Лекции по философии литературы | страница 40
Нет доброй воли к мышлению и естественной любви к истине. Равно как и создание прекрасных текстов — не есть продолжение нашей натуры, не есть какая-то естественная способность… Мы отправляемся на поиск истины, когда ввязываемся в какую-то историю, отдаемся интриге, отвечаем на требование какого-то контекста. Судьба дает нам знак, который выводит нас из равновесия, лишает покоя. И этот знак, знамение — не абстракция, не понятие, а жало в плоти, потрясение всего нашего существования. Если я не удостоверяю это знамение всем своим существом, никакой истины не будет. По Прусту, истина — всегда насилие над мыслью. Но то, что в этом знаке и единичном чувственном впечатлении откроется истина, — дело исключительно случая. Поэтому-то Бергот не Богородицу видит, а пустяковое пятнышко. Истина зависит от встречи, которая нас вынуждает искать правду. Случайность встречи и неотвратимость ответа — две основные прустовские темы. Такая случайность встречи с картиной и непредвиденность пятна на картине — как раз и гарантируют неизбежность, высшую необходимость того, что мыслится. И если все другие встречи со внешними знаками в романе требуют расшифровки, толкования, объяснения, которые сопровождаются разворачиванием знака в себе самом (истина — всегда истина времени), то пятно на картине — коллапс, вспышка, смертельное озарение. Все развертки во времени и множественность интерпретаций Бергот передает… нам. Сам он отдает концы.

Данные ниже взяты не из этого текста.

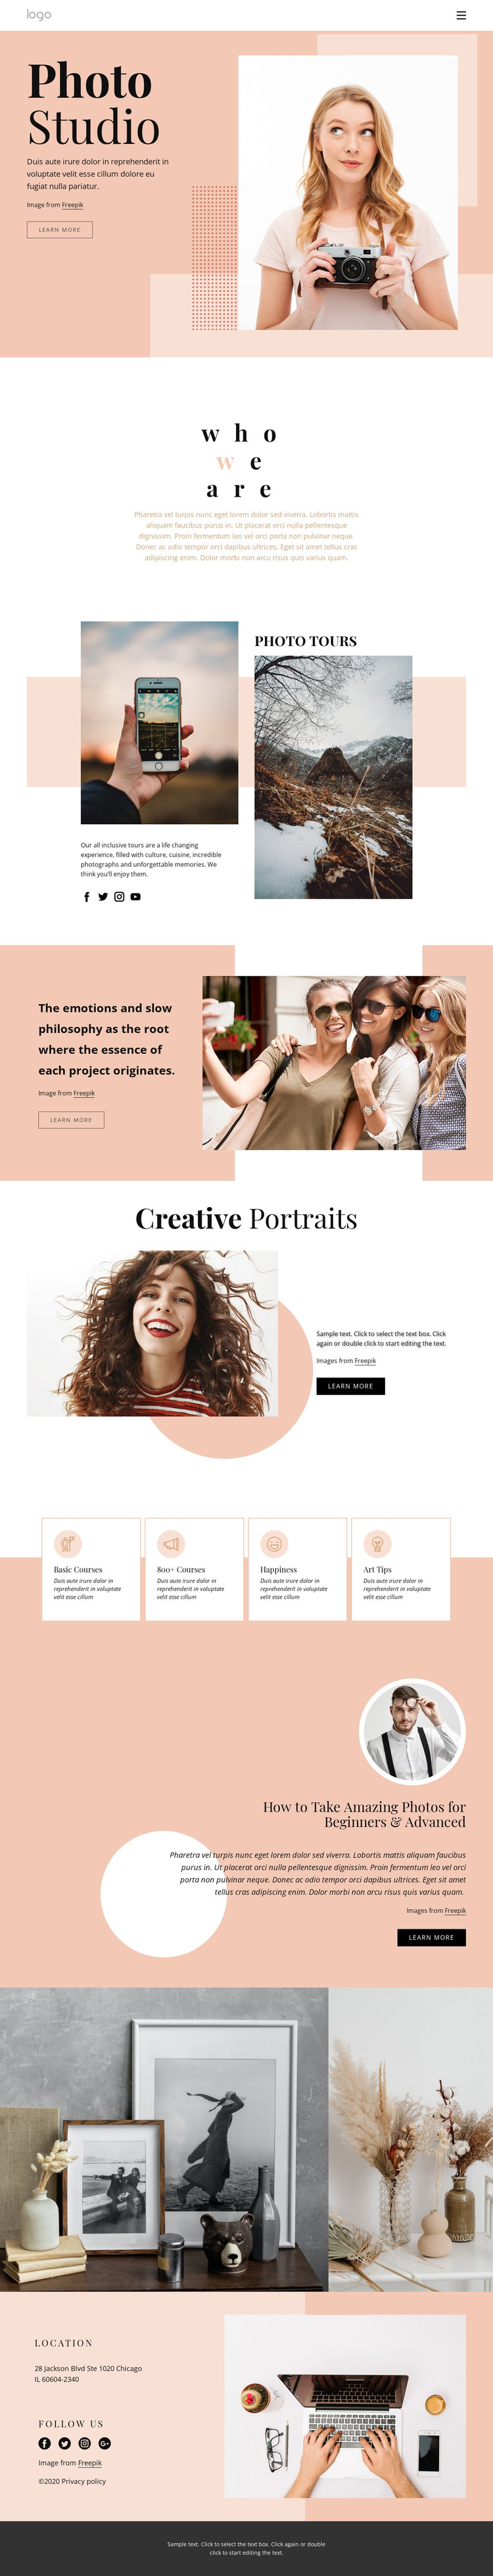 Photography courses Web Design

Пятно нигде. Бергот его видит, видит так, что это его просто убивает, но на самой картине Вермеера пятна нет. Так где есть пятно? В романном описании? Герой — не субъект, а картина — не объект; и герой, и картина объектны и едины в прустовском описании. И нельзя сказать, что Пруст, убивая своего героя, тем самым спасается сам — делегирует, так сказать, ему свою смерть и психоаналитически изживает это состояние страха и смертельного головокружения бесконечности. «Неисправимый литературный voyeur» Шкловский говорил, что все его способности к несчастной любви ушли на героиню «Zoo» и что с тех пор он может любить только счастливо. Это, конечно, шутка. Шкловский как раз говорит о том, что никакая несчастная любовь не может быть изгнана из жизни счастливой книжною любовью. Это разные вещи. (Легко представить себе Эйзенштейна, занимающегося психоанализом, и совершенно невозможно — Шкловского, Мандельштама или Набокова. Шкловский слишком полнокровно-жизнелюбив и авантюристичен, Мандельштам — не боится смерти и не полагает, что каким-то непонятным образом может долго прожить, а Набоков — сам себе психоаналитик.)